AMES, Iowa -- Iowa pork producers who send their animals to Iowa packing plants should be aware of Japan's recent announcement regarding implementation of maximum residue limits (MRLs) for agricultural chemicals, antibiotics and feed additives in imported meat and meat products. This system is similar to the current USA system, but with some differences in levels. Iowa State University Extension swine veterinarian James McKean says that, in effect, these MRLs will become the safe limit for chemicals in food when the requirements become effective on May 29, 2006.
“There are some differences between withdrawal times in the United States and Japan based on the new MRLs, but under most conditions, strict observance of the U.S. withdrawal times also will meet the Japanese MRLs,” he said. “However, there are systematic differences. U.S. MRLs are based on 'target' tissue levels, like in the kidney, liver, muscle and fat, while Japan has established MRLs for many tissues and for processed meats. Japan is more likely to specifically test observed injection sites for residues than the USA, which would require a longer withdrawal time for various products.”
The new MRLs affect all food species (cattle, swine, poultry), including all fresh, frozen and processed products, and offal imported into Japan. The requirements also pertain to domestic Japanese products.
U.S. packers have been informed of these changes and likely have begun communications with their clients and customers about these changes. But because the timeline to the May 29 implementation date is so short, McKean urges all producers to immediately check with their packer and veterinary practitioner about whether changes to production practices or drug selection are needed.
Producers can find details for specific drugs on a special section of the National Pork Board’s Web site. This Pork Checkoff-funded site (www.pork.org/producers/JapanMRL.aspx) features information supplied by drug and pharmaceutical manufacturers for U.S. and Japanese residue MRLs and withdrawal times.

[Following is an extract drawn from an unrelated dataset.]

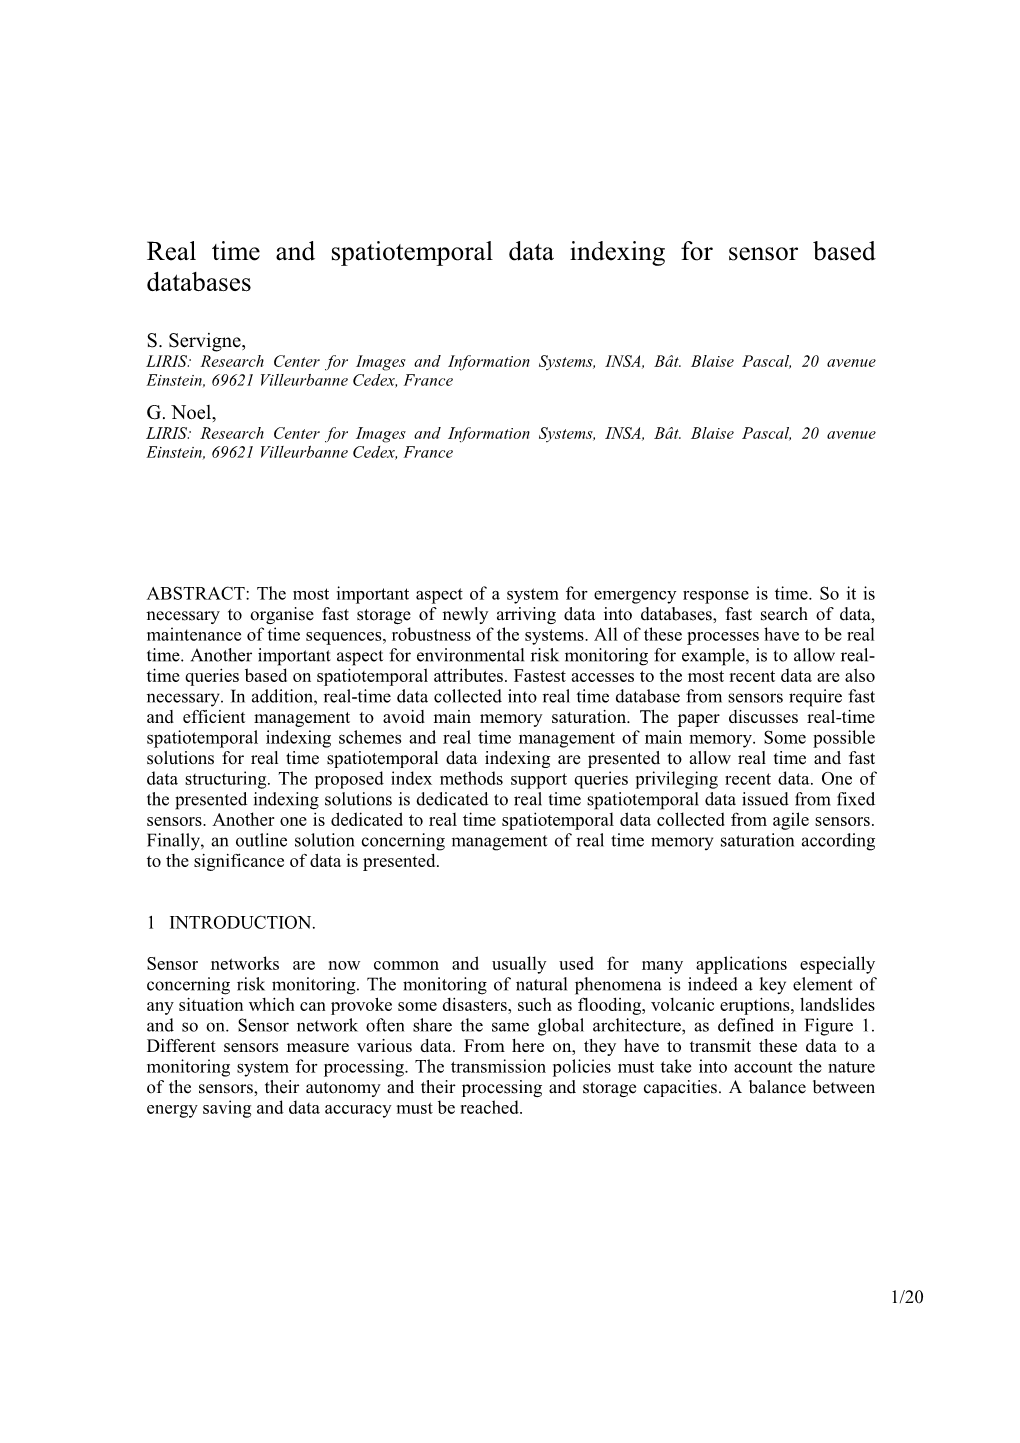 Real Time and Spatiotemporal Data Indexing for Sensor Based Databases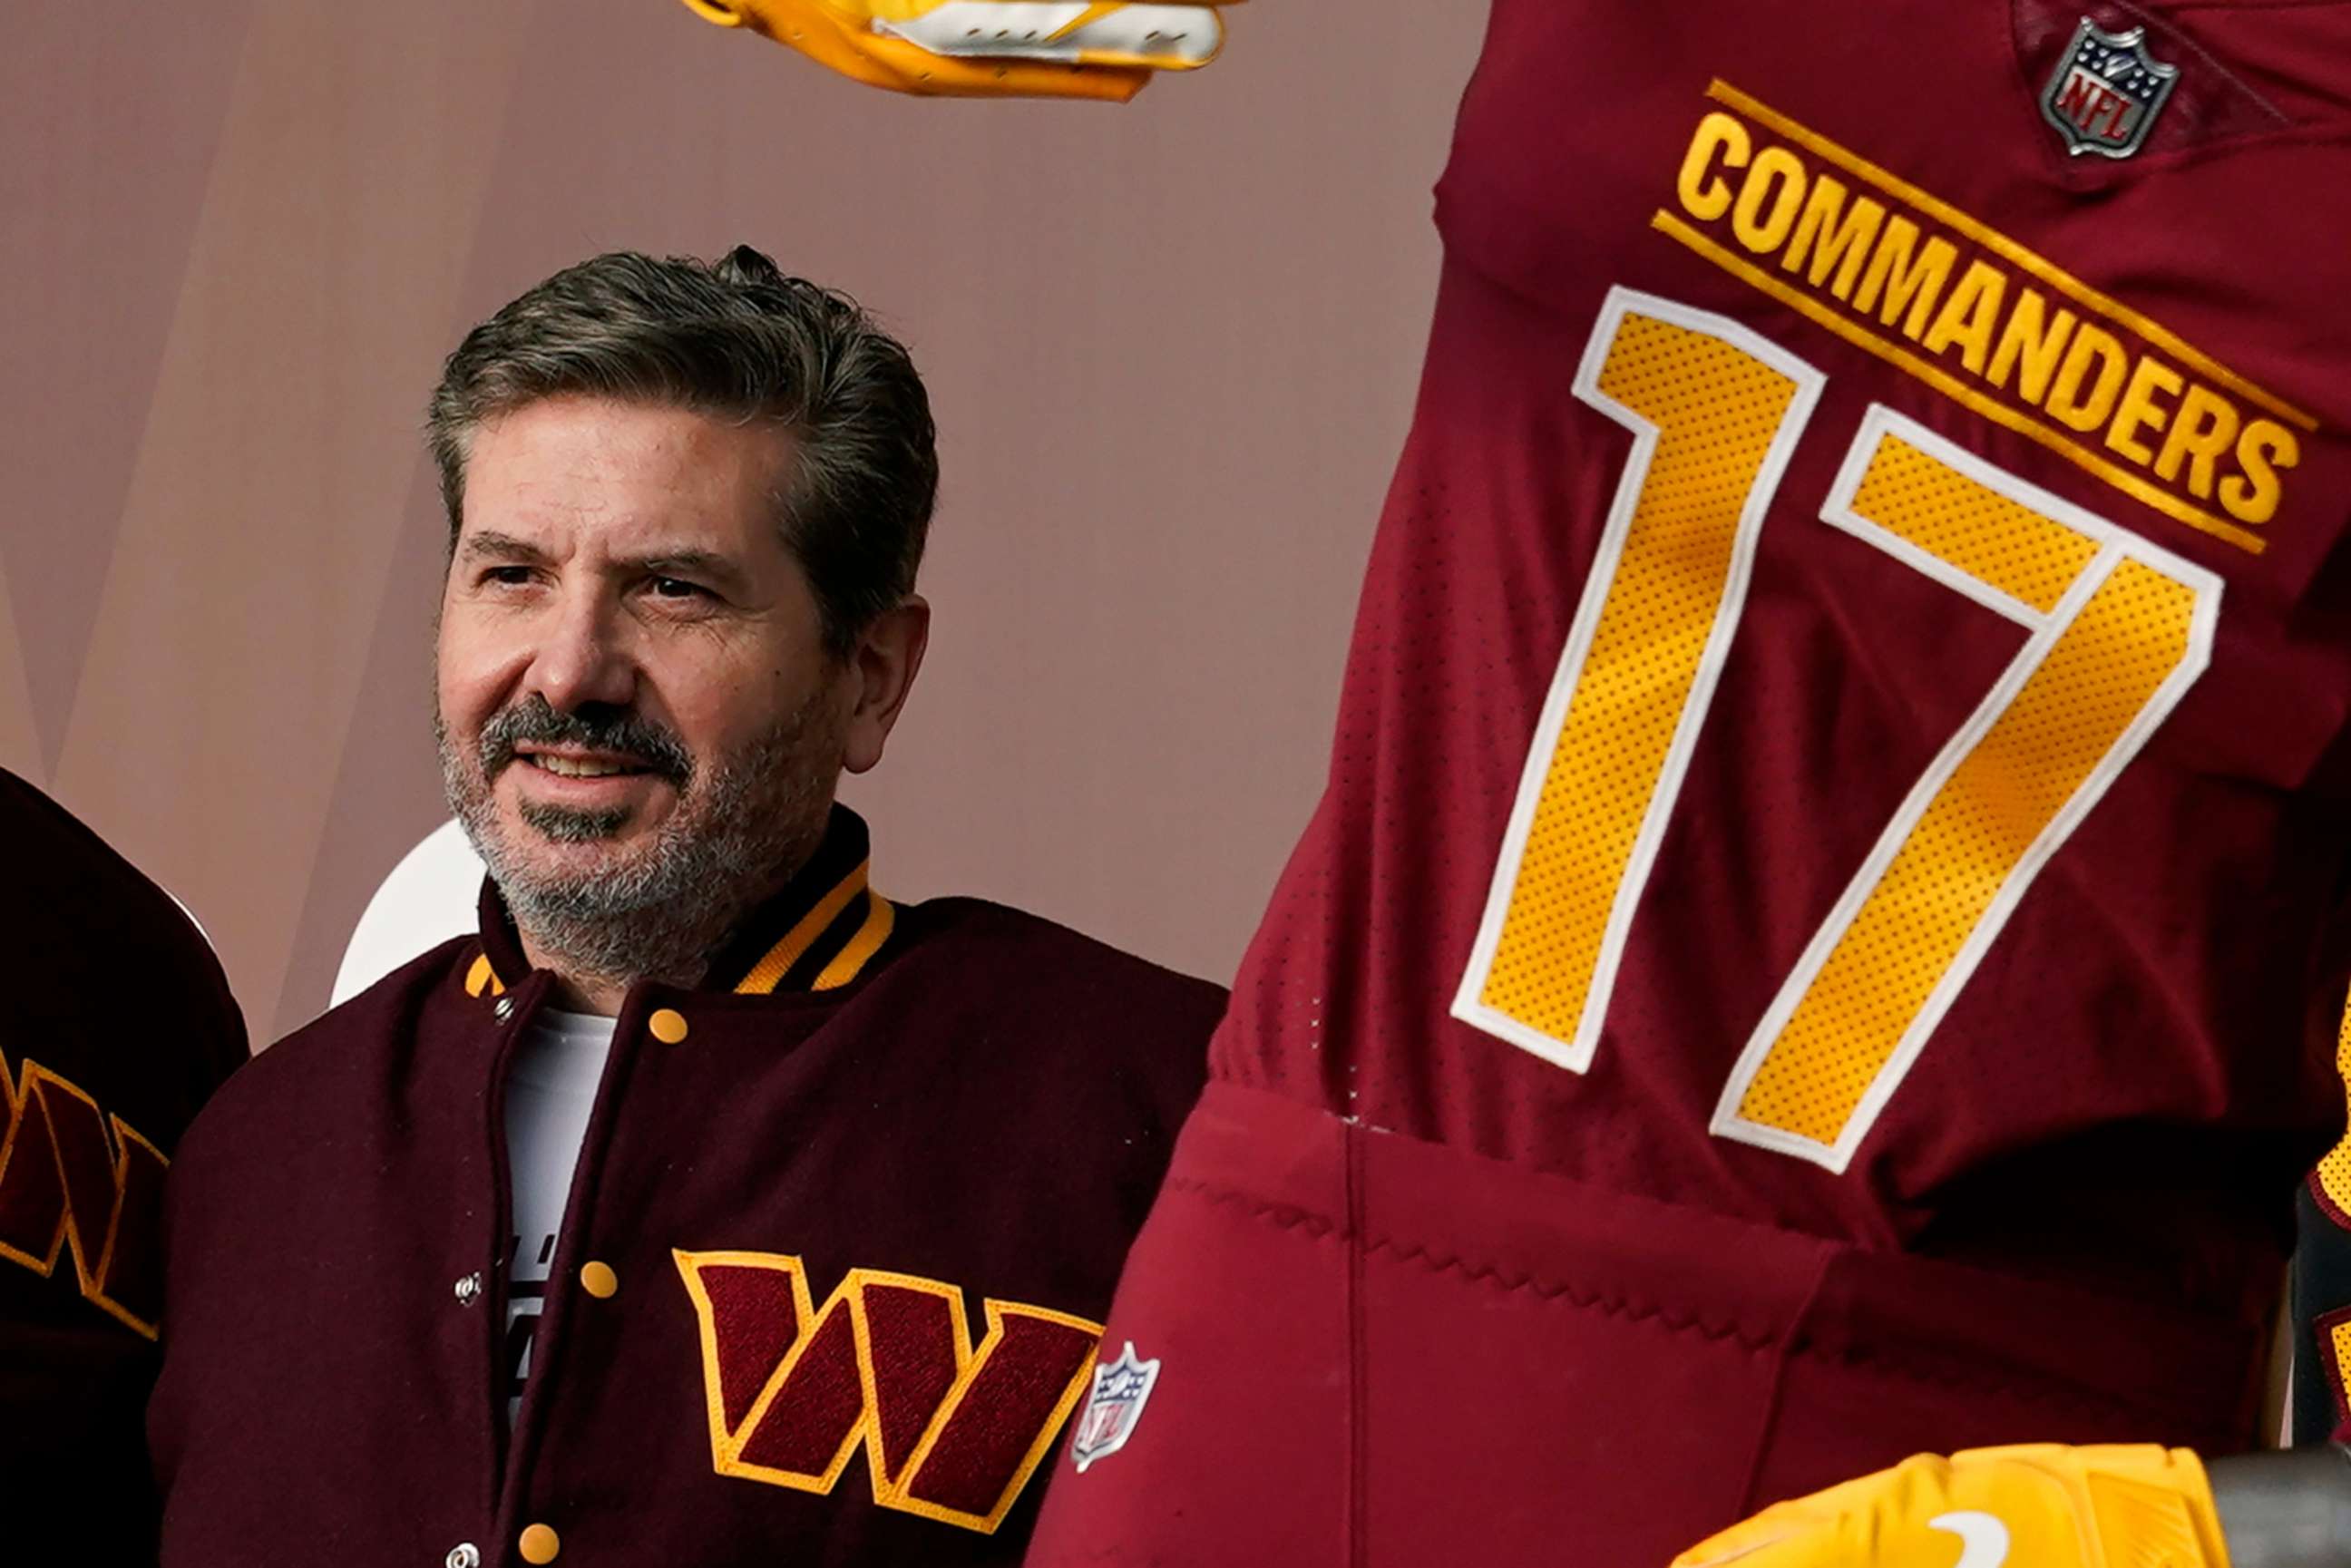 PHOTO: Washington Commanders' Dan Snyder poses for photos during an event to unveil the NFL football team's new identity, Feb. 2, 2022, in Landover, Md.

If violations occur, the results and subsequent financial ramifications for the industry could be sobering. It’s important for producers to use even greater care in selecting and administering drugs, particularly injectable forms for heavier weight pigs.
“On imported products, a first violation found within a one-year period may trigger a 50 percent inspection of all shipments from that species, country and/or production type,” McKean said. “A second violation may cause 100 percent inspection and increased testing. Also, the product is held until results are known, and importers may be required to pay for the testing and costs of holding the products until cleared. These consequences make finding even one violation an issue for all producers.”